Do you live an area that makes it hard to grow grass? Find out how to use nothing more than hardscape materials to finish your property.

Designing Tree Placement In A Small Yard

21 October 2015
 Categories: , Blog

If you've got a small backyard but want to plant trees, the design or layout you choose should focus on similarities between the trees -- and these aren't always cosmetic. It takes good planning, but you can eventually have a small yard with well-chosen, healthy trees if you follow some guidelines. Here's what to consider when choosing and placing trees for your yard.

Common Factors

Chances are the trees you have will be planted in some sort of pattern or group. Even if you have only two trees, one in each far corner of your yard, there needs to be a unifying factor such as shape, size, or even type -- two fruit trees of similar height could work, for example, or two trees with similar flower colors. While there's nothing wrong with an asymmetrical design, even those aren't created randomly, and you can still detect patterns and similarities between the different components.

Nutrient Requirements

For ease of care, planting trees with similar nutritional requirements is usually a good idea. However, be sure that your soil can support the trees. For example, if you have trees that need a lot of water and a lot of nitrogen, more so than other trees, you must be willing to add adequate nitrogen to the soil if it doesn't have a lot of its own. If you're hoping the trees will just make do with what's in the soil, you won't have the trees for very long. If you don't feel that you can provide the fertilizer, water, and other needs for all of the trees in that part of the yard, you can also contract with a landscaping company.

Pollination Protection

Many trees need another tree from their species, or a closely related species, in order to set fruit. However, some trees are too good at setting fruit when fertilized by whatever pollen comes along, resulting in cross-pollination that affects the fruit the tree eventually bears.

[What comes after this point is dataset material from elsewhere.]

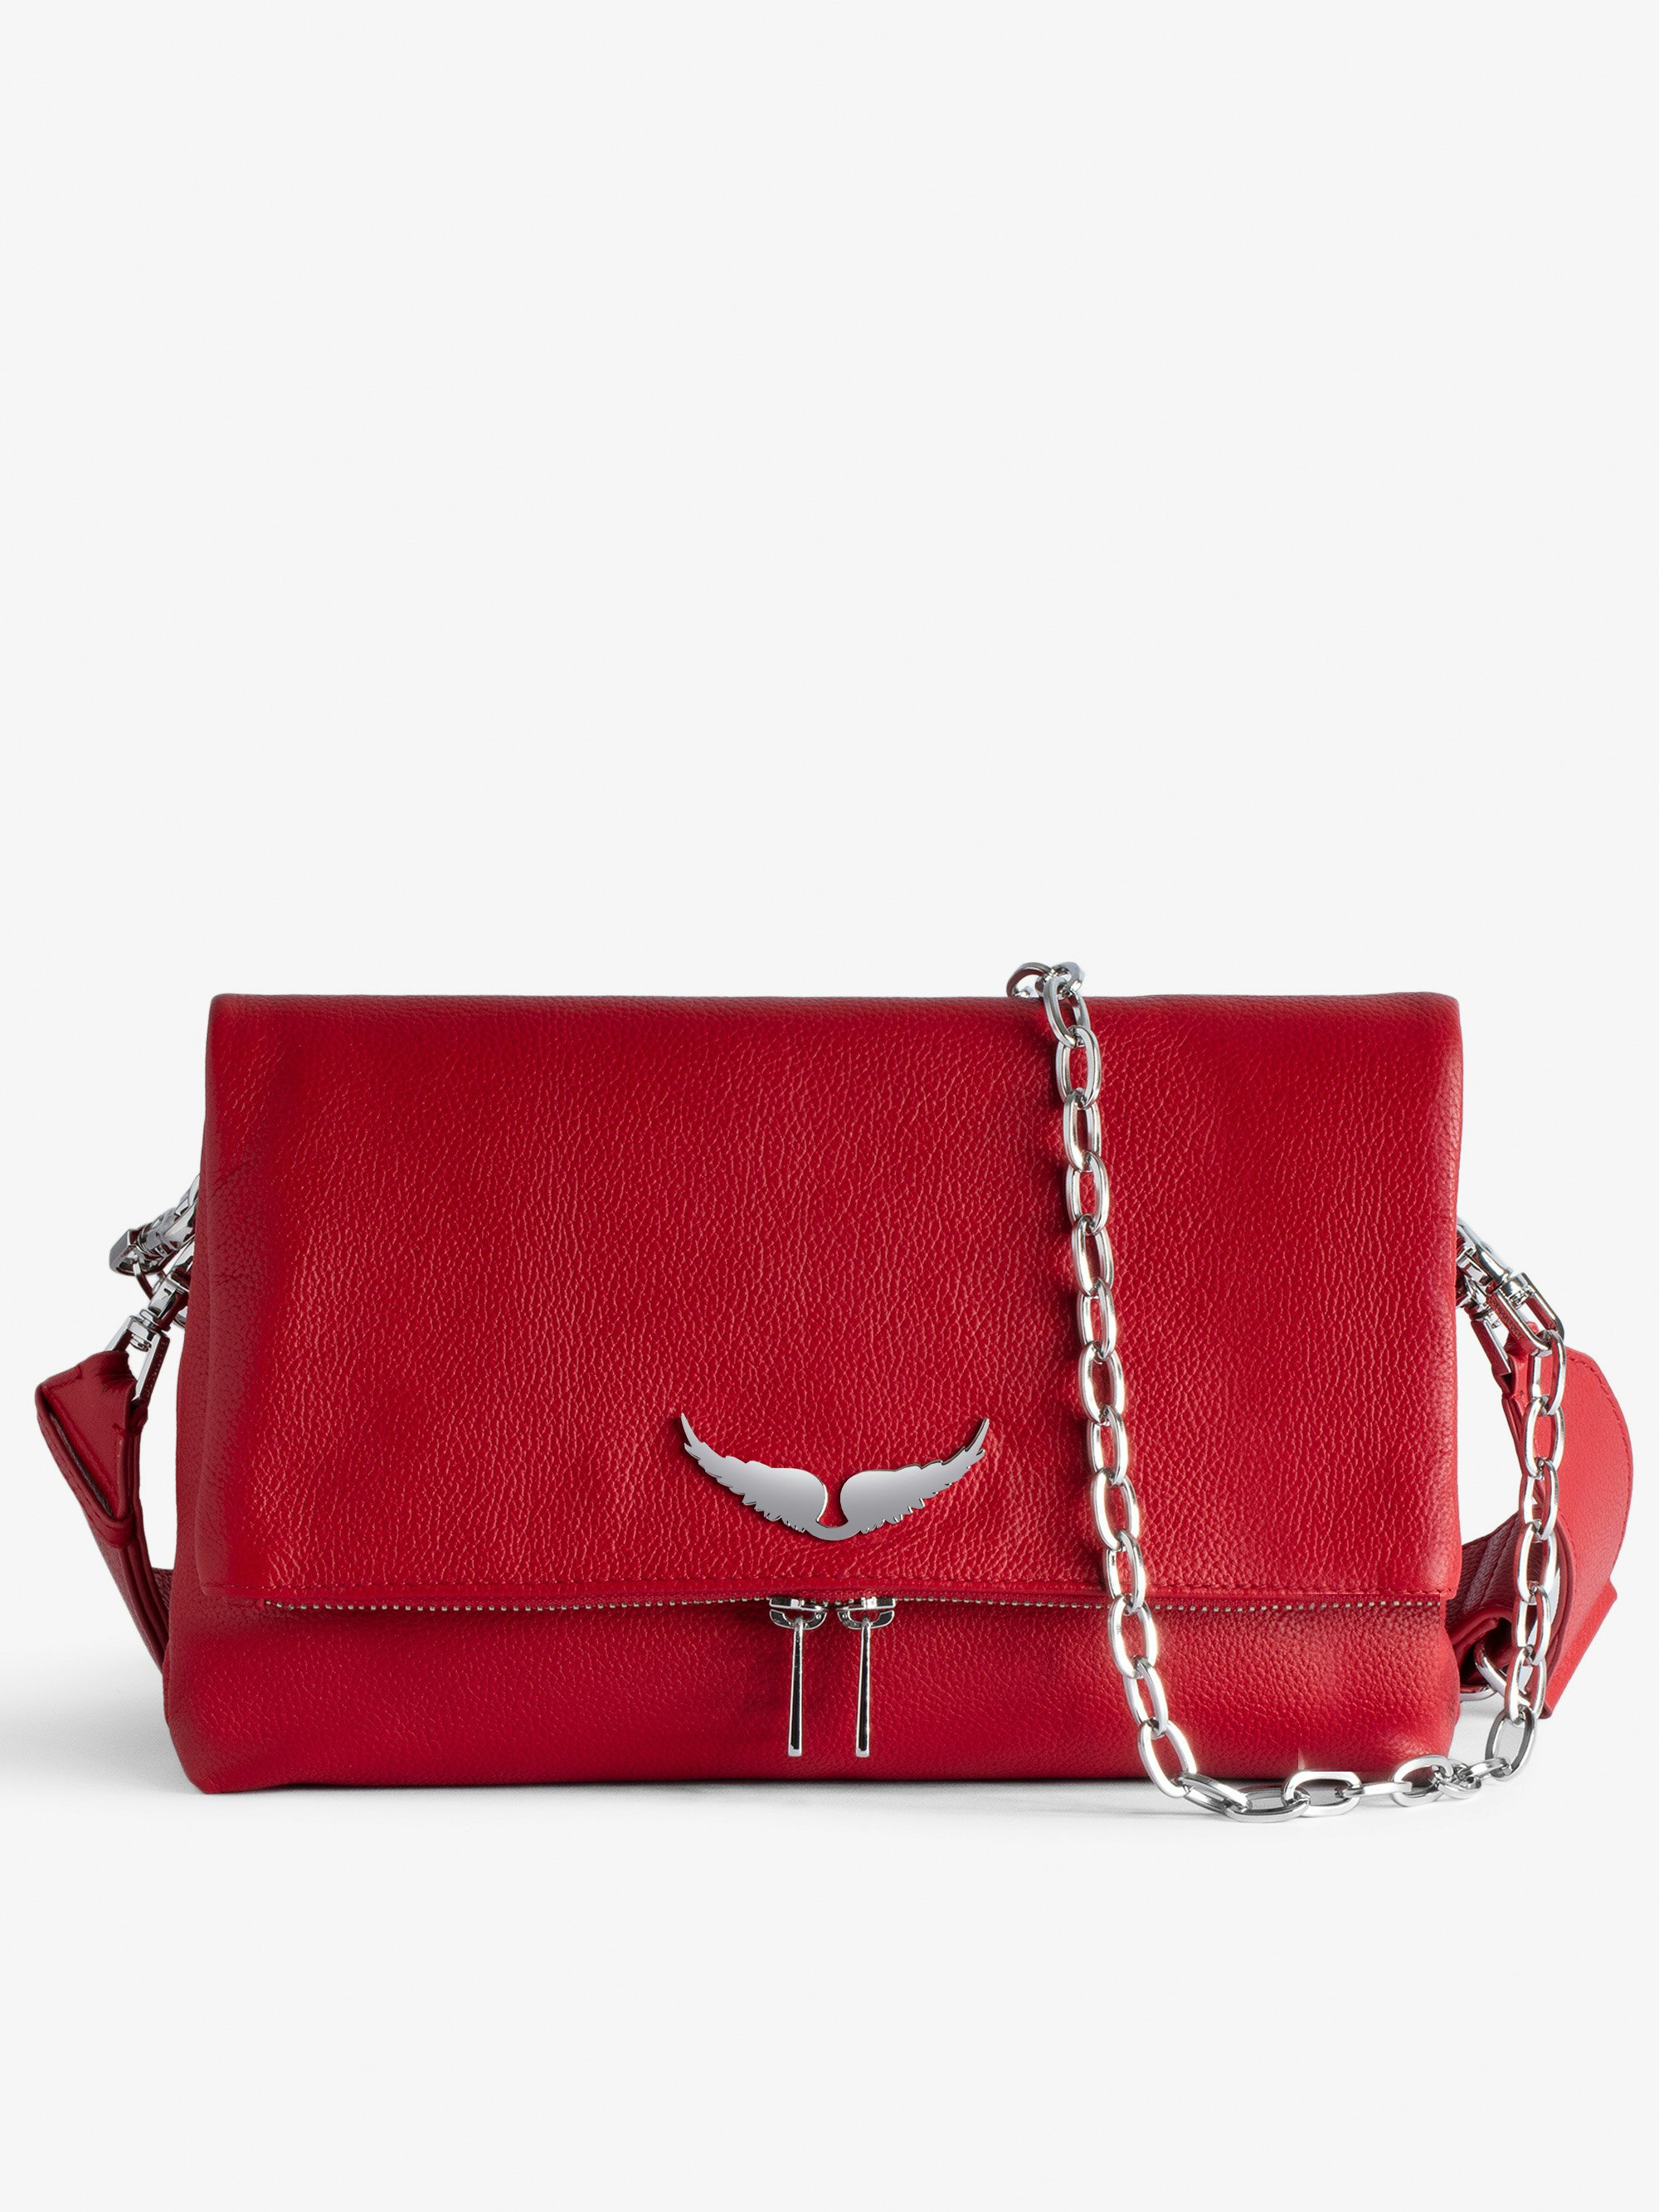 Tasche Rocky - Tasche aus genarbtem Leder in Rot mit Schulterriemen und Flügel-Charm für Damen

If you're planning a mini-orchard, you have to get the spacing right so that you end up with the types of fruits that you want.

If planning all of this on your own doesn't sound like something you want to tackle, contact a landscaping company, such as Maddox Garden Center & Landscaping, Inc., that has experience with small yards. The workers will know which trees go well in which groupings, as well as how to care for the trees. You can have a tree-filled backyard, and landscapers could be key in finding the right design for your property.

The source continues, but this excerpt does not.